President Barack Obama did an interview with Vox.com.

At one point he was asked what he thought was leading to growing income inequality in the US.

Here’s what he said:

“Some of it has to do with technology and entire job sectors being eliminated — travel agents, bank tellers, a lot of middle management — because of efficiencies with the internet and a paperless office.”

“A lot of it has to do with globalization and the rest of the world catching up. Post-World War II, we just had some enormous structural advantages because our competitors had been devastated by war, and we had also made investments that put us ahead of the curve, whether in education or infrastructure or research and development. And around the ’70s and ’80s and then accelerating beyond that, those advantages went away at the same time as, because of technology, companies are getting a lot more efficient.”

“One last component of this is that workers increasingly had less leverage because of changes in labor laws and the ability for capital to move and labor not to move.”

Add all that up, and Obama says workers are in a tougher position.
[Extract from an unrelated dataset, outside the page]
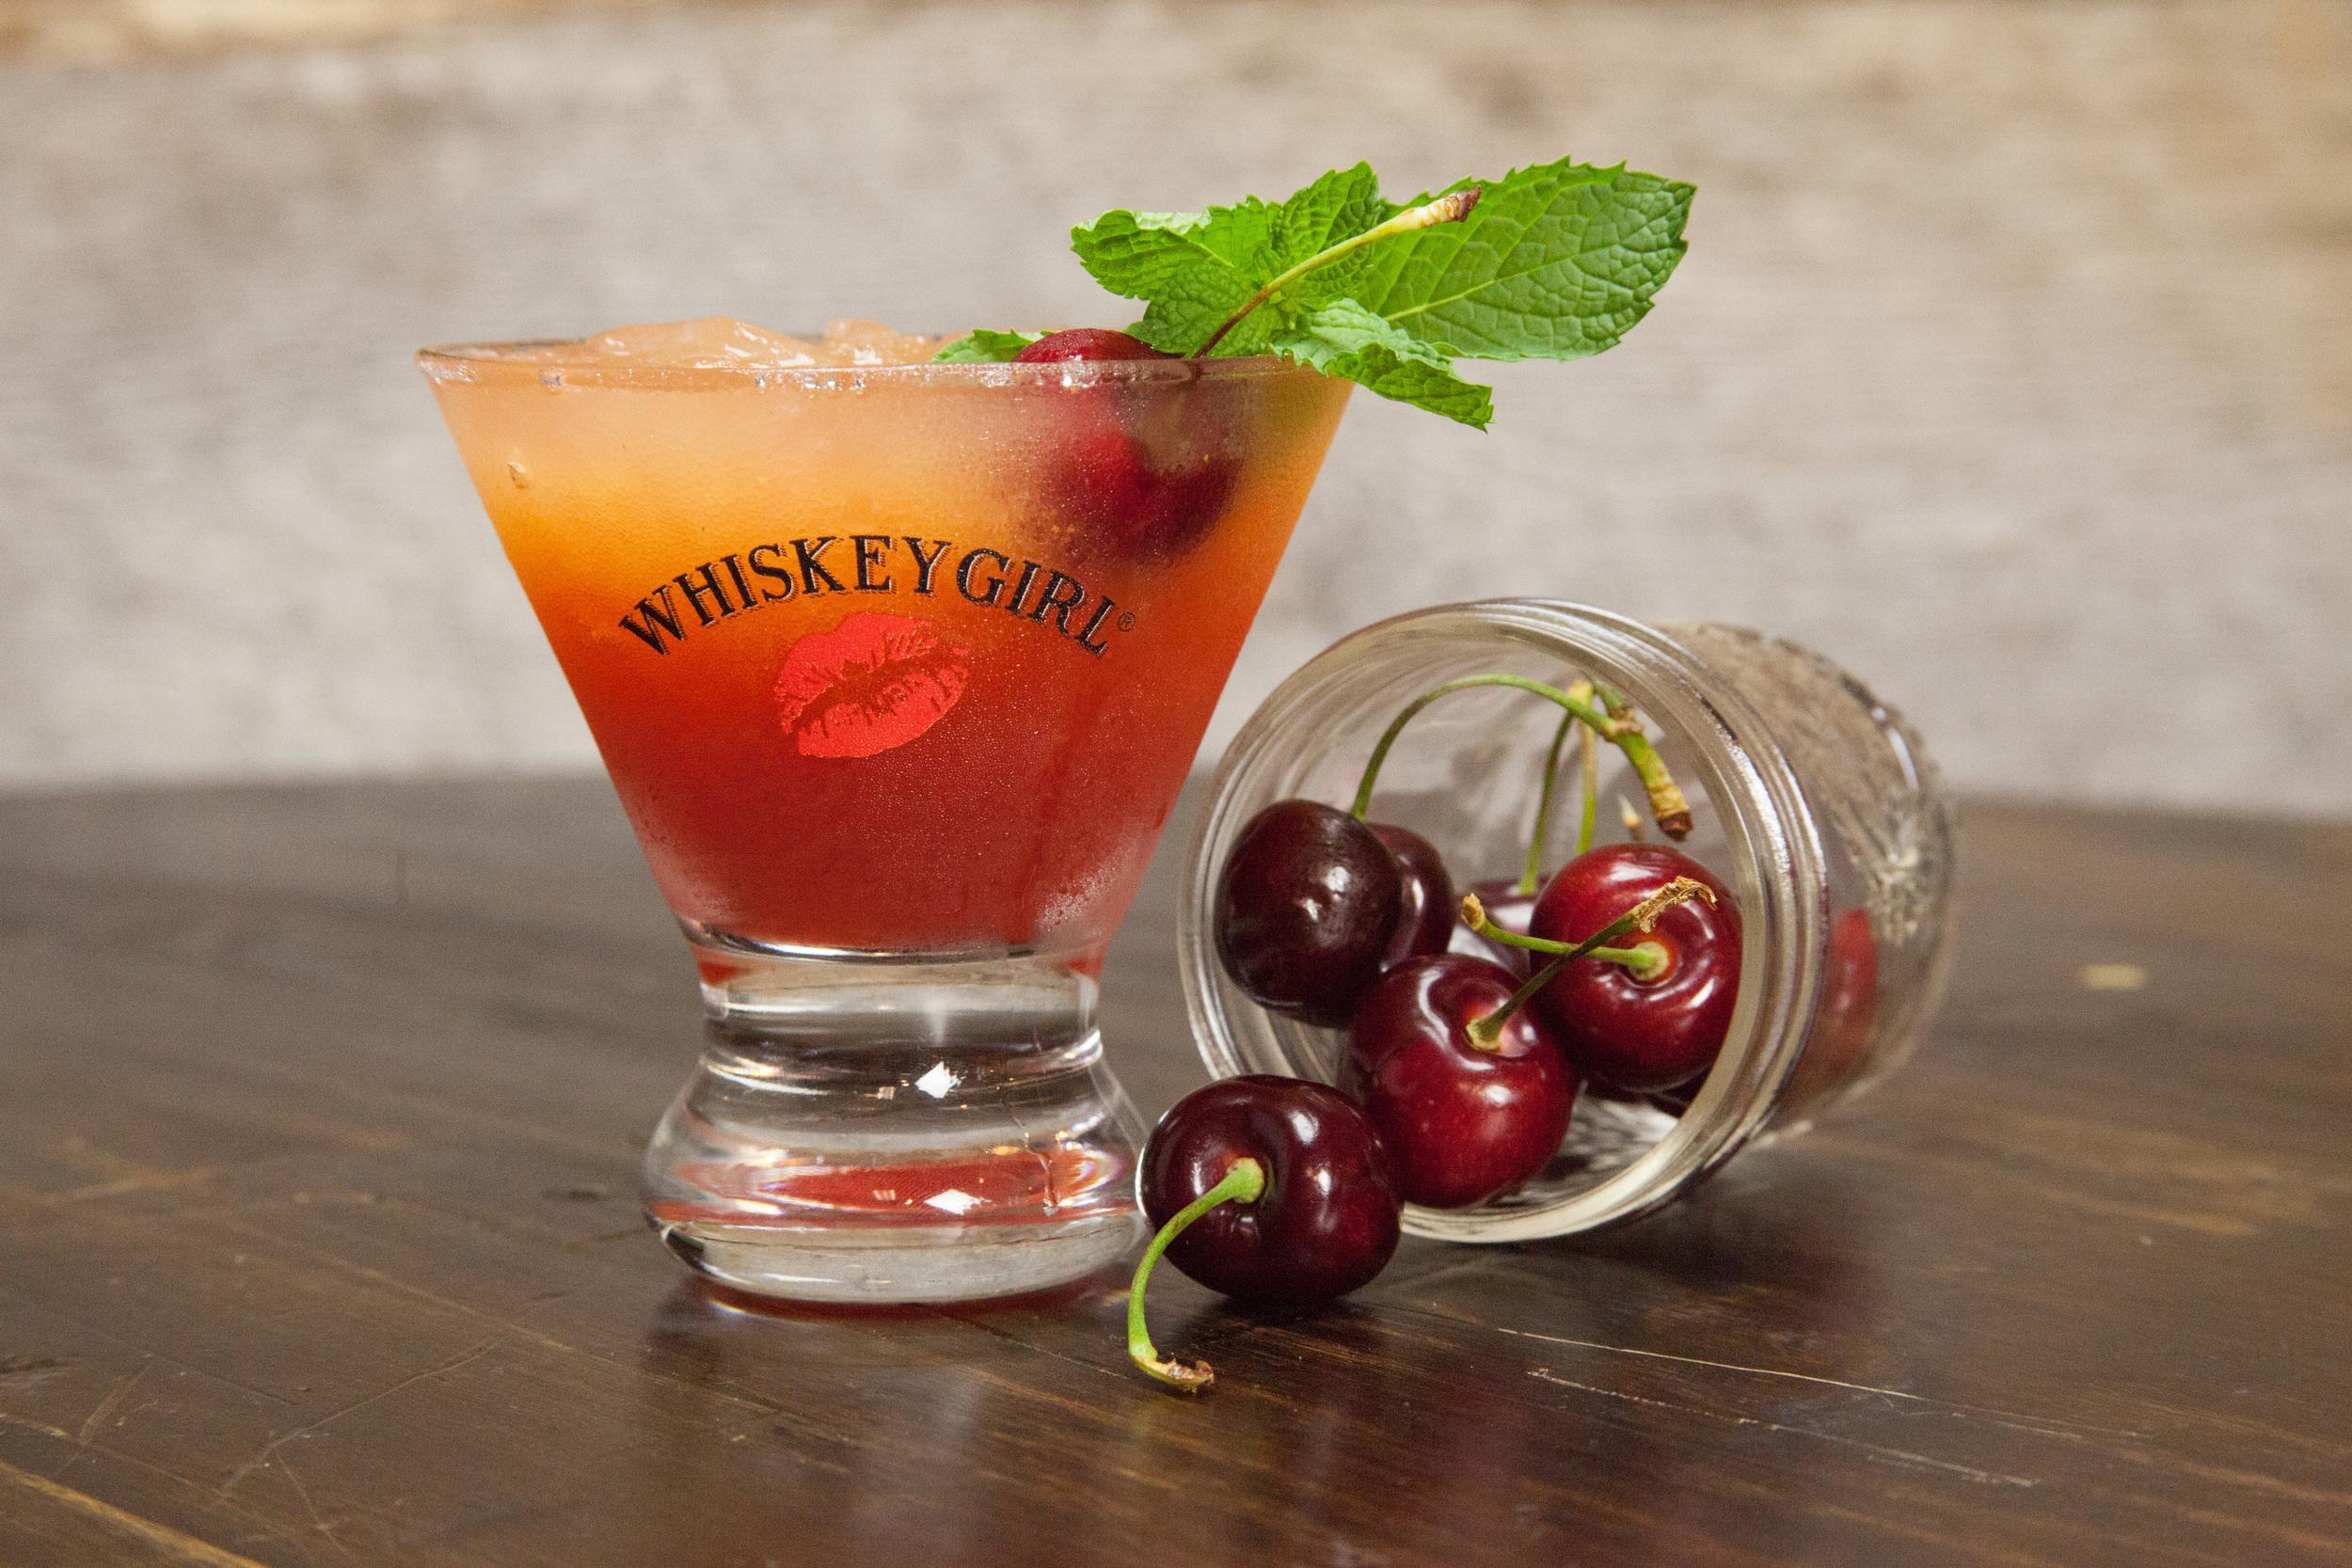 Whiskey Girl Cocktail

He was then asked about taxes, and he gave this additional reason for pressure on wages:

I think that part of what’s changed is that a lot of that burden for making sure that the pie was broadly shared took place before government even got involved. If you had stronger unions, you had higher wages. If you had a corporate culture that felt a sense of place and commitment so that the CEO was in Pittsburgh or was in Detroit and felt obliged, partly because of social pressure but partly because they felt a real affinity toward the community, to reinvest in that community and to be seen as a good corporate citizen. Today what you have is quarterly earning reports, compensation levels for CEOs that are tied directly to those quarterly earnings. You’ve got international capital that is demanding maximizing short-term profits. And so what happens is that a lot of the distributional questions that used to be handled in the marketplace through decent wages or healthcare or defined benefit pension plans — those things all are eliminated. And the average employee, the average worker, doesn’t feel any benefit.

I know Obama is constrained by the realities of the limitations of power to pass legislation. But it is quite striking to me that while he well understands the problems of income inequality and stagnating wages, his trade policies are so counter to the interests of American workers. The promoters of the Trans-Pacific Partnership, which Obama is trying to convince Congress to give him fast-track authority for, say that the problems of NAFTA won’t be repeated here and that the TPP will create American jobs. There is simply no reason to believe this. The TPP will just continue the process of the worldwide race to the bottom while protecting corporations from lawsuits and giving workers even less power than they do now to live a dignified life. It’s very difficult for me to believe that someone who supports the TPP and hires advisors like Larry Summers and Tim Geithner really has the interests of American workers in mind. Or maybe Obama does have their interests in mind, but is so under the control of the dominant ideologies of neoliberalism and global capitalism that he can’t see beyond his limited horizons to understand that a significant departure from current economic orthodoxies is necessary to reverse these trends. It’s certainly true that some of these problems are bigger than anything any president could do; the U.S. isn’t going to be in a position where so many of the world’s nations are either recovering from war or opting out of the global economy again. But Obama’s plans for the TPP are certainly not going to help.

I’m glad my president understand the roots of these problems. I just wish he could articulate better solutions.